I agree that for the wide variety of playback devices Roon supports, discovery makes a lot of sense, and external network configuration would be extremely difficult.

But I’m just asking about connecting a single client to play music on that device. The rest of the ecosystem has nothing to do with my phone getting music from Roon Core. The rest of the discovery for devices on my network isn’t relevant to this, because I’m physically not there. I’m not going to ask Roon to play my home headphones, or speakers, or on the TV, or anything on my local network, when I’m away from home.

So… We’re essentially talking a single client to a single server. I don’t see how the rest of the complex ecosystem Roon has to manage at home impacts wanting to play my library through my phone. Not my phone plus other speakers at home; literally just my one little client.
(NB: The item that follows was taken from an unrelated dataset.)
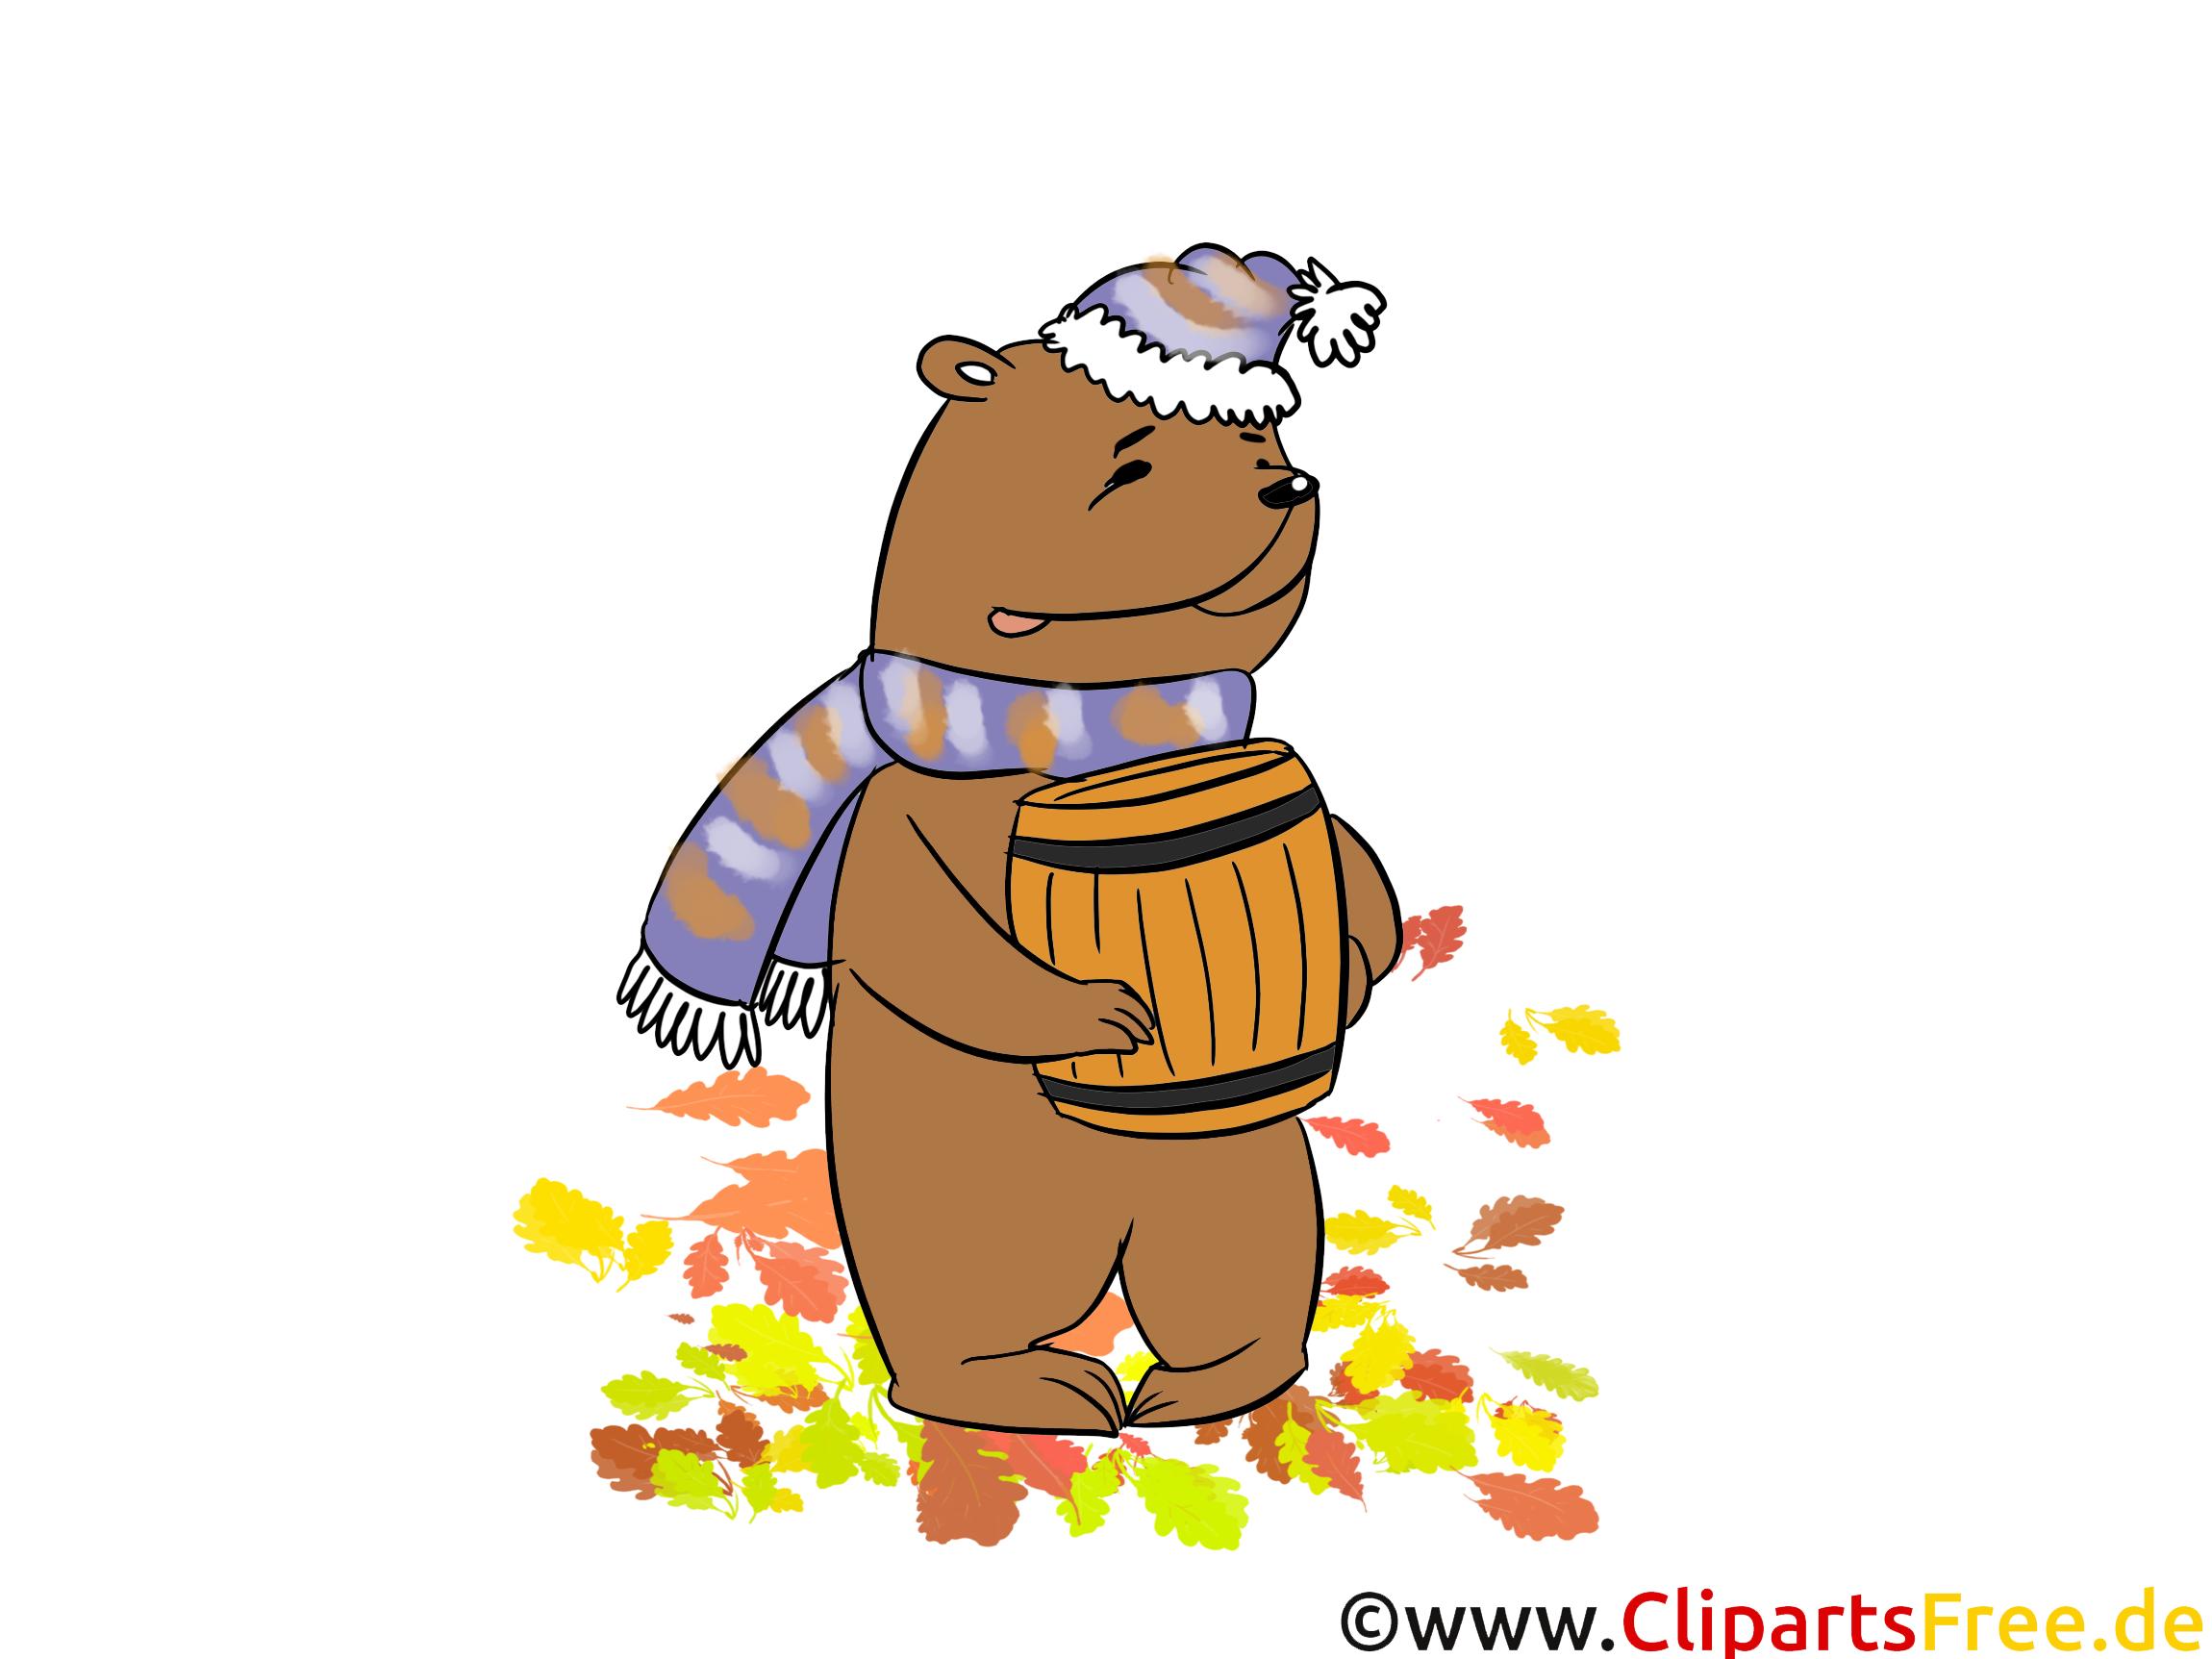 Ours miel dessin gratuit – Automne image

Roon doesn’t have to worry about latency issues syncing playback across multiple devices; it only has the one device to worry about.

Currently your phone is discovered as an endpoint by the server using the exact same means as every other endpoint. It doesn’t register as a player with the server. It also uses the same complex audio protocol that allows synced zones.

Roon is very consistent in this way. To this point they have had no interest in implementing and maintaining a lesser one off protocol that would work for single streams over the internet.

As well I mentioned before a simple port forward implementation would easily open up Roon to all my friends at no cost.